Elazığ’da dünyaya geldi. İlk, orta, lise ve Yüksek öğrenimini Elazığ’da tamamladı.
Elazığ DMMA Makine bölümünü bitirerek Makine Mühendisi oldu. Elazığ lisesinde iki dönem öğretmenlik yaptıktan sonra, Mühendislik Hizmetlerine başladı. “ Bölge Makine İmalat ve Donatım Şubesi’nin İkmal Baş Mühendis’liği görevini sürdürmektedir.
Şair bir dönem Tiyatro ile de meşgul oldu. 1970 ‘li yıllarda Elazığ Tiyatro gurubunu kurdu. 1981 Yılına kadar fahri olarak bu gurubun başkanlığını yaptı. Kendi yazmış olduğu üç tiyatro eserini sahneye koydu. Oyunları civar illerde de sahnelendi. Şu anda iki şiir kitabı mevcut olup,basılma aşamasında iki adet şiir kitabı vardır.

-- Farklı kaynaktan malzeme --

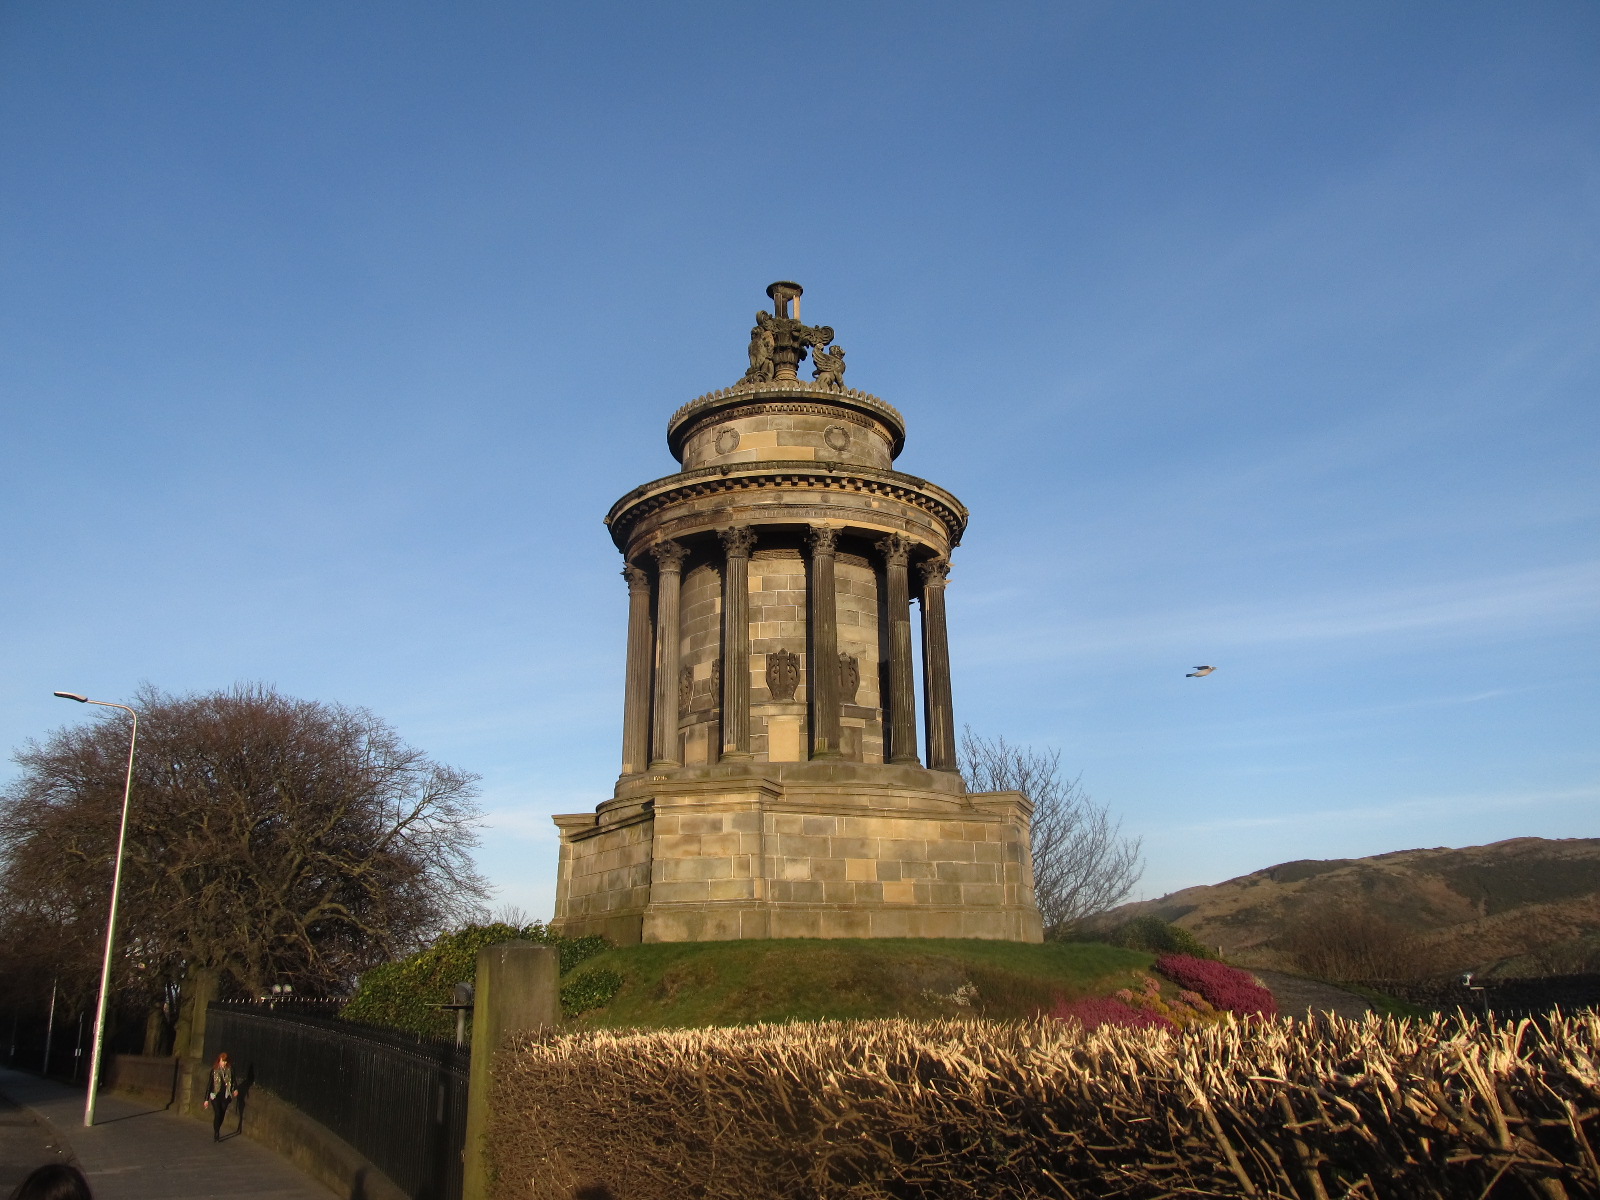 The Dugald Steward Monument in Edinburgh

Şair Mühendis olmasına karşın, Edebi yönü ağır basmaktadır. “Şair ruhlu” yaratılmıştır. İnce düşünür ve düşündüğünü yazıya döker.
Yöresel hikayeler yazmaktadır. Bazı yapıtları, ulusal ve yerel gazetelerde yayınlanmıştır.
Şairin baba tarafı, 1754 Yılında Çanakkale’den memuriyet nedeniyle Harput’a naklen gelen, Müderris Mehmet BİCAN ‘dan gelmektedir. Anne tarafı, Perçenç (Akçakiraz) köyündendir.
Şair evli ve iki çocuk babasıdır.
Duygu yüklü kelimeler ve farklı konulardan örneklerle iyi bir kitap olmuş. Bir mühendis olan şair şaşırttı beni. Kitabın ismini taşıyan şiirden bir dize yazmaz isem haksızlık olur gibi geldi.
Yağmur çiseliyordu, sen gidiyordun,
Ben ağlıyordum, kimse bilmiyordu...
Sende sevdayı tatmıştin belli belirsiz,
Bense yüreğimden vurulmuştum apansız.
Yazarın okuduğum ikinci kitabı.Belirtildiğine göre roman kahramanları gerçek hayattan alınmış kişilerdir.Konular bir roman örgüsü içinde anlatılsa da, aslında 1905 ile 1915 yılları arasında yaşanmış çok önemli ve hazin olaylar anlatılıyor.Yer Mamurat-ül aziz (Elazığ), Harput.Harput o dönem sancak beyliğidir.Bu sebeple en çok asker de Harput'tan alınır.93 Harbi için her evden bir asker istenir.Harput eşrafından Abdullah Efendi, yeni doğan torunu Musa yetim kalmasın diye oğlu Ahmet'in yerine savaşa gönüllü olarak katılır.Musa büyür, medrese eğitimini tamamlar ve icazetli bir alim olur.Musa dini ilimlerde mahir bir gençtir.1905 yılında, Osmanlı'ya bağlı Yemen'de isyan çıkar.Musa Hoca evlenmiş ve çocuğu olmuştur.Devlet her evden bir kişiyi Yemen'e gitmek için ister.Osmanlı'da hafızlar, alimler, hocalar savaştan muaftı.Askere alınmazlardı.Musa Hoca bu muafiyete rağmen vatan savunmasına katılmak için gönüllü askere yazılır ve Yemen'e gider.Yemen'de isyancı vahşi arap bedevileri çok acımasızdır.Öldürdükleri Osmanlı askerlerinin midelerini deşip altın arıyorlarmış.Zira onlara, "Osmanlı askeri altın yutuyor" deyip kandırmışlar.Musa Hoca Yemen'de yaklaşık on yıl askerlik yapar.1.Dünya Savaşı patlak verince ordan Sarıkamış'a yine gönüllü olarak gider.Orda da Ruslarla savaşır.
Musa Hoca şehit mi oldu, yoksa Ruslara esir mi düştü?
Okuyun, öğrenin.Romanı çok beğendim.Okurken gözlerimin dolduğu çok an oldu.Kitabın sonunda şehit askerlerin listesi ve bir kısmının resimleri var.426 sayfa.
Tüm şehitlerimizi rahmetle ve minnetle anıyorum.